By Steve Levy
A recent decision raises two very timely and critical issues. First is whether the case is being decided based on all of the available evidence, including how far a panelist itself is expected to go to find information that has not been submitted by the parties. The second is why there’s such a low response rate in UDRP cases and how this can lead to decisions based on an incomplete factual record.
As background, it’s important to know that bad faith registration (as mentioned in par. 4(a)(iii) of the UDRP) is almost impossible to prove if the disputed domain name was registered at a time before the Complainant’s trademark rights came into existence. After all, you can’t target a non-existent mark in bad faith. Also, when a domain name is sold to someone who has no business relationship with the original owner, this is typically considered to be a new “registration” for purposes of par. 4(a)(iii). So, it’s still possible for an old domain name to be “registered” in bad faith if it’s sold to someone new after the creation of the Complainant’s trademark rights.
In a recent case against the domain name sleeptopia.com the Panel found it “reasonable to infer” that a transfer of the disputed domain name had taken place based on a recent change in the Whois record to a proxy service, and a change in the domain’s website resolution, at around the same time, from a parked GoDaddy page to a pay-per-click page with links competitive to the Complainant. These two signals may, in some cases, indicate a change in domain name ownership but more definitive evidence is often available. I pulled up the archived Whois records and found that the named Respondent, Gregory Perez, has actually owned the domain name since at least August of 2008, a significant number of years before the Complainant’s claimed date of first trademark rights in 2013. So, should the Complainant have provided this evidence when it filed the Complaint? Its required certification, at the end of the Complaint, states that “the information contained in this Complaint is to the best of the Complainant’s knowledge complete and accurate”. Or should the Panel have exercised its authority, under the UDRP Rules, to conduct its own research and look at the archived Whois records?

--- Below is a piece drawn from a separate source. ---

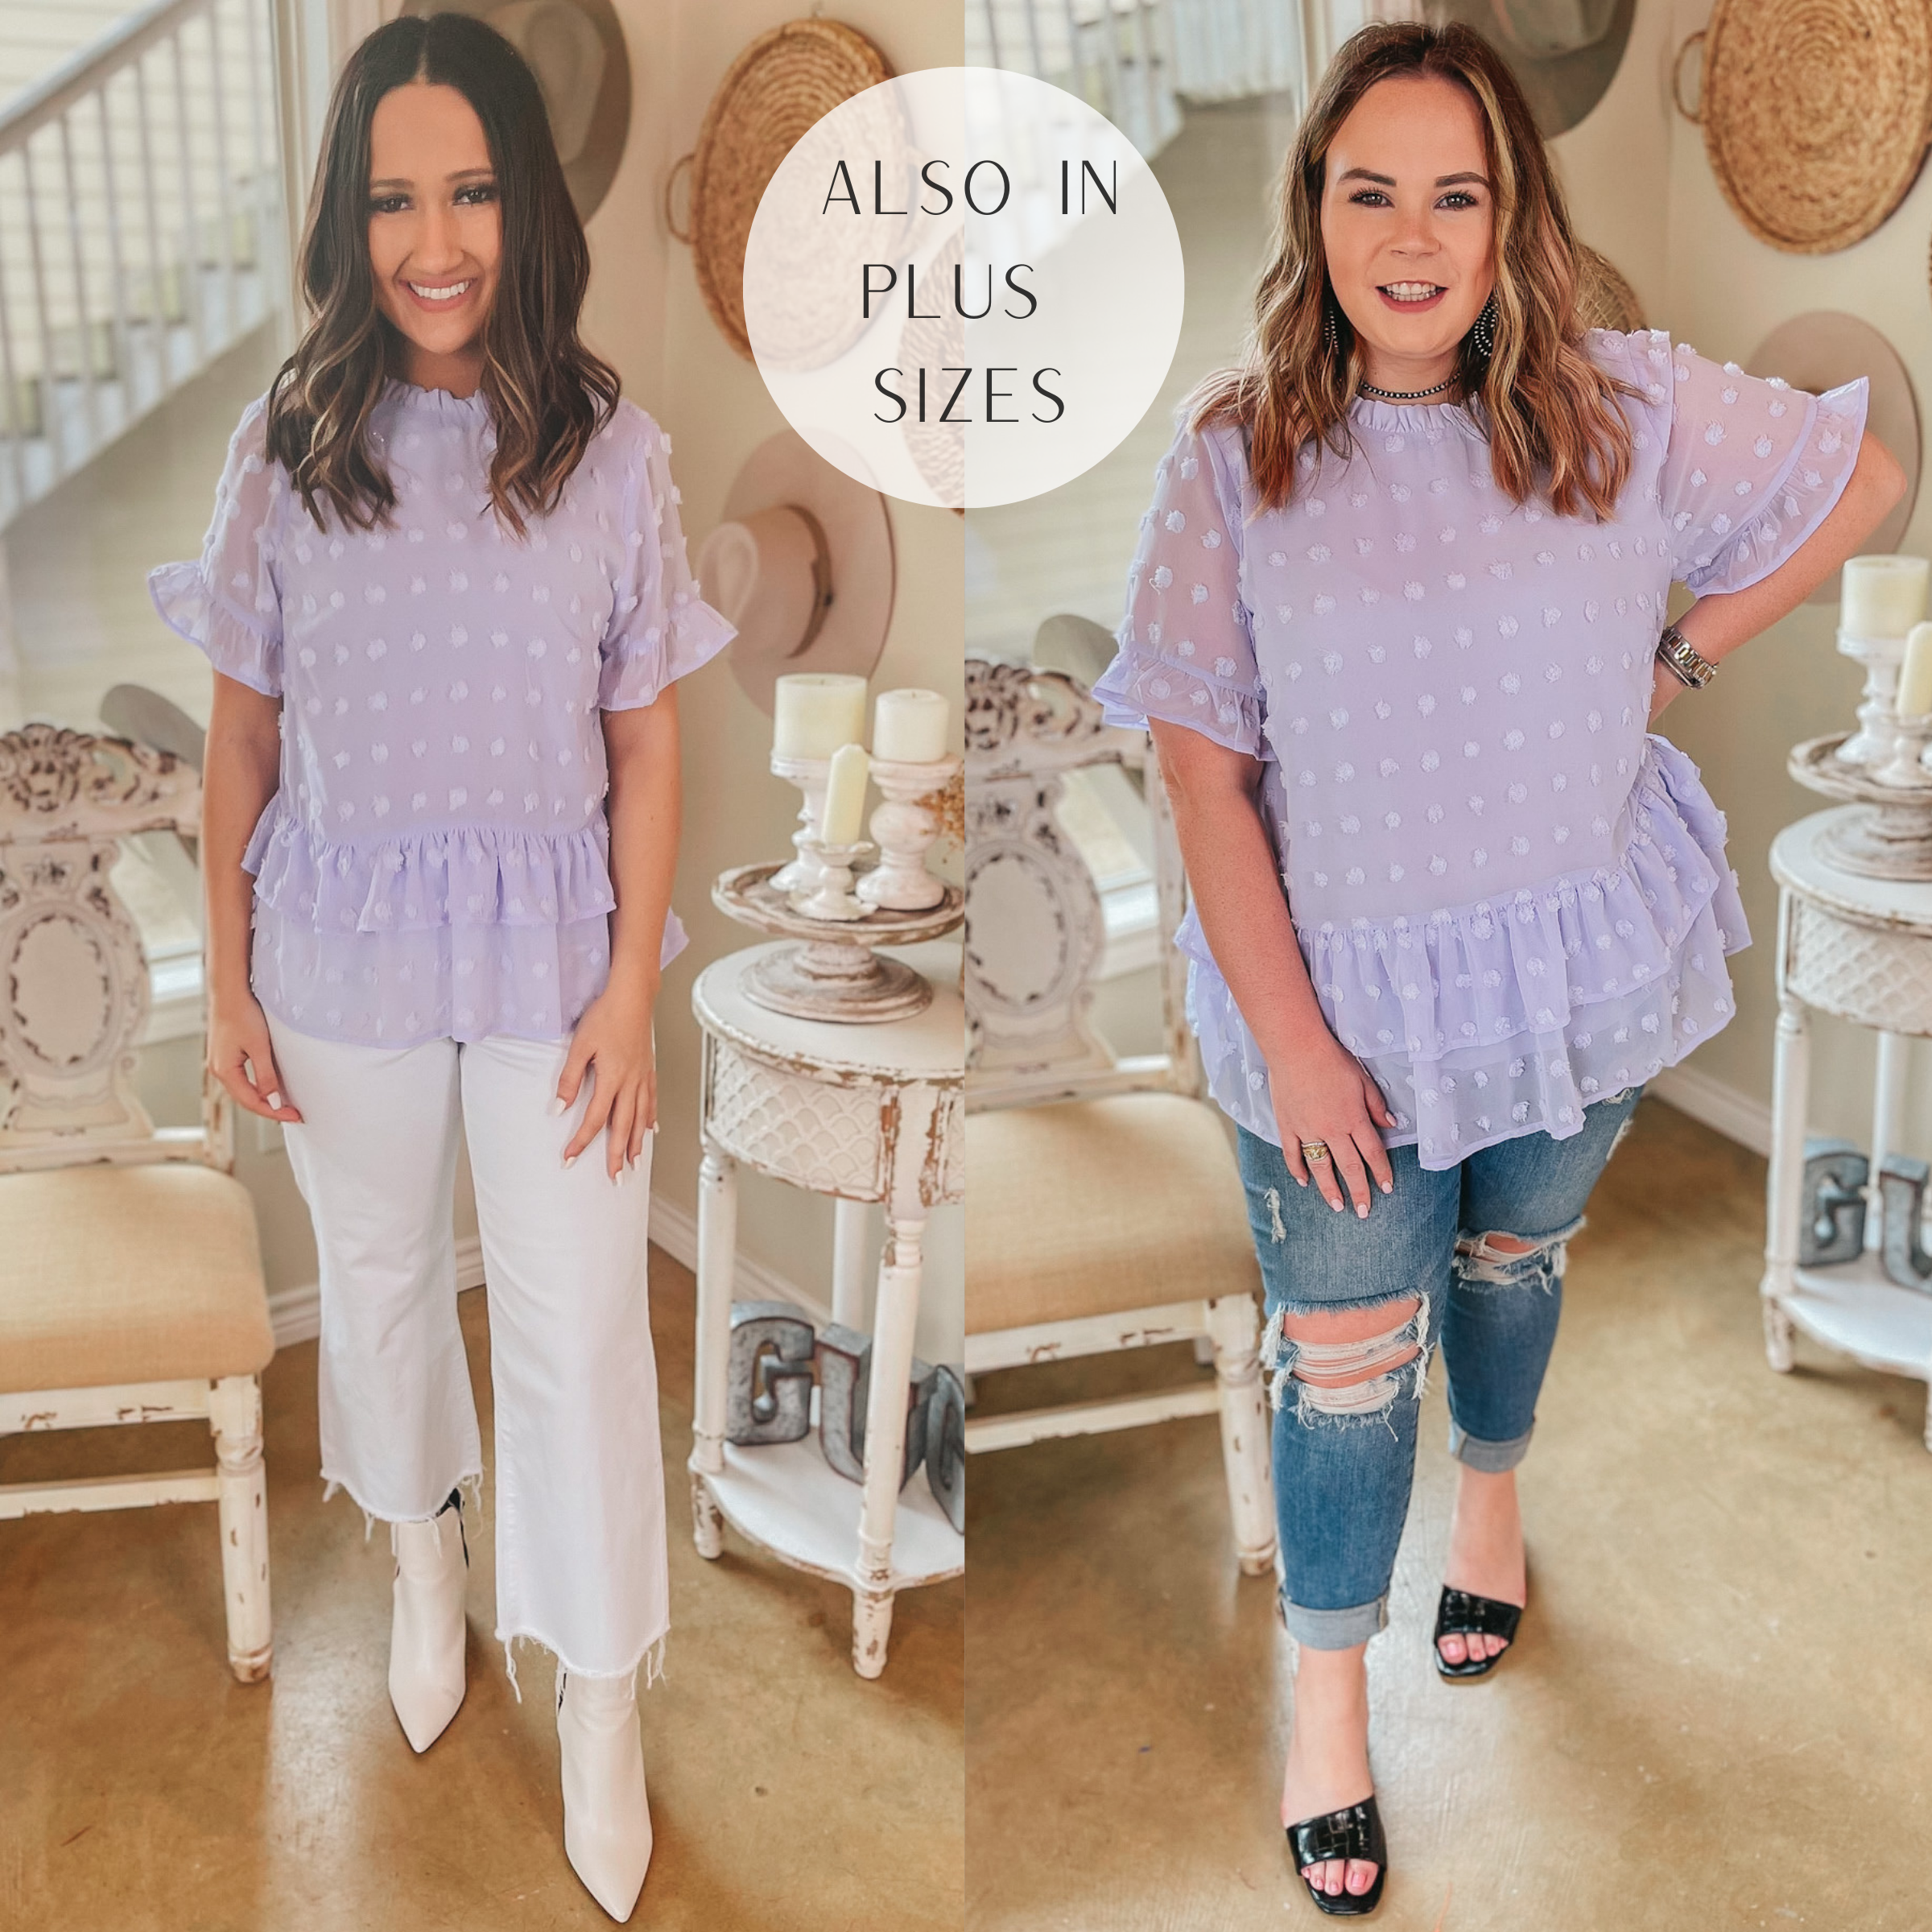 Last Chance Size S & L | Garden Graceful Swiss Dot Ruffle Peplum Top in Lavender - Giddy Up Glamour Boutique
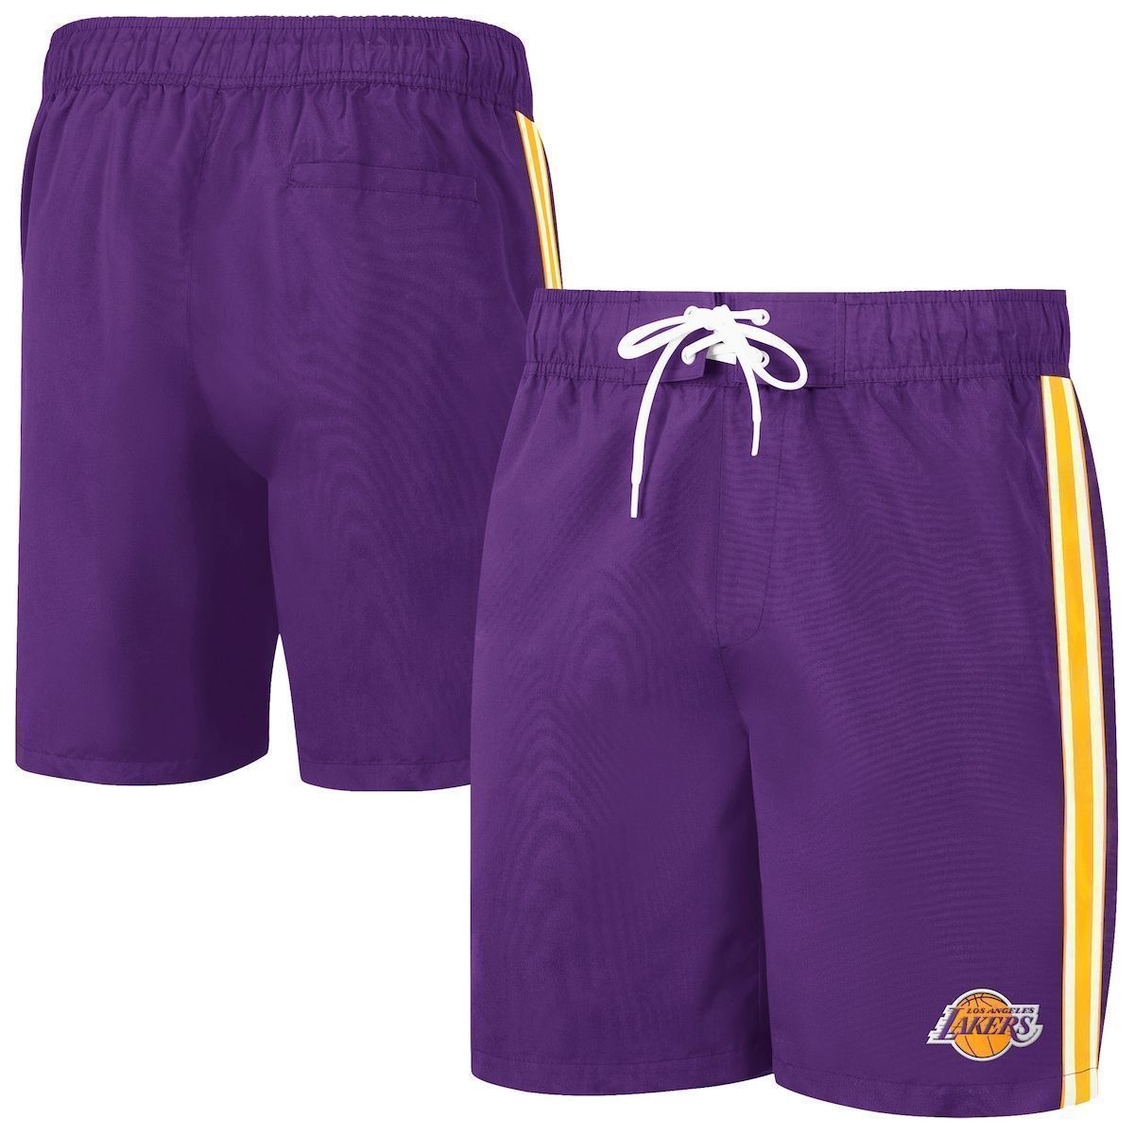 G-III Sports by Carl Banks Men's LA Lakers Sand Beach Volley Swim Shorts - Image 2 of 4

This brings up the second issue, and the silent party in this case. Why did the Respondent, Gregory Perez, default and fail to explain that it’s owned the domain since before the existence of the Complainant’s trademark rights? Since it owned the domain name for around 15 years, maybe it failed to update the Whois record to its current email address. Or maybe there’s another problem where the Respondent is deceased or incapacitated, or perhaps the WIPO’s email serving the Complaint got caught in the Respondent’s spam filter or the Respondent thought it was a scam and didn’t open the attachment for fear of malware. In any event, the UDRP ecosystem would likely benefit from better service processes such as a confirmation email from a source that’s known to the Respondent, such as its own Registrar. I’m part of a group that’s proposing exactly that but it’s likely to take a number of years before it gets through the ICANN process for considering such changes. The bottom line is that a lack of evidence here caused a decision to be made based on an inference rather than on the actual facts of the case and this lowers the quality of the UDRP and people’s trust in the process.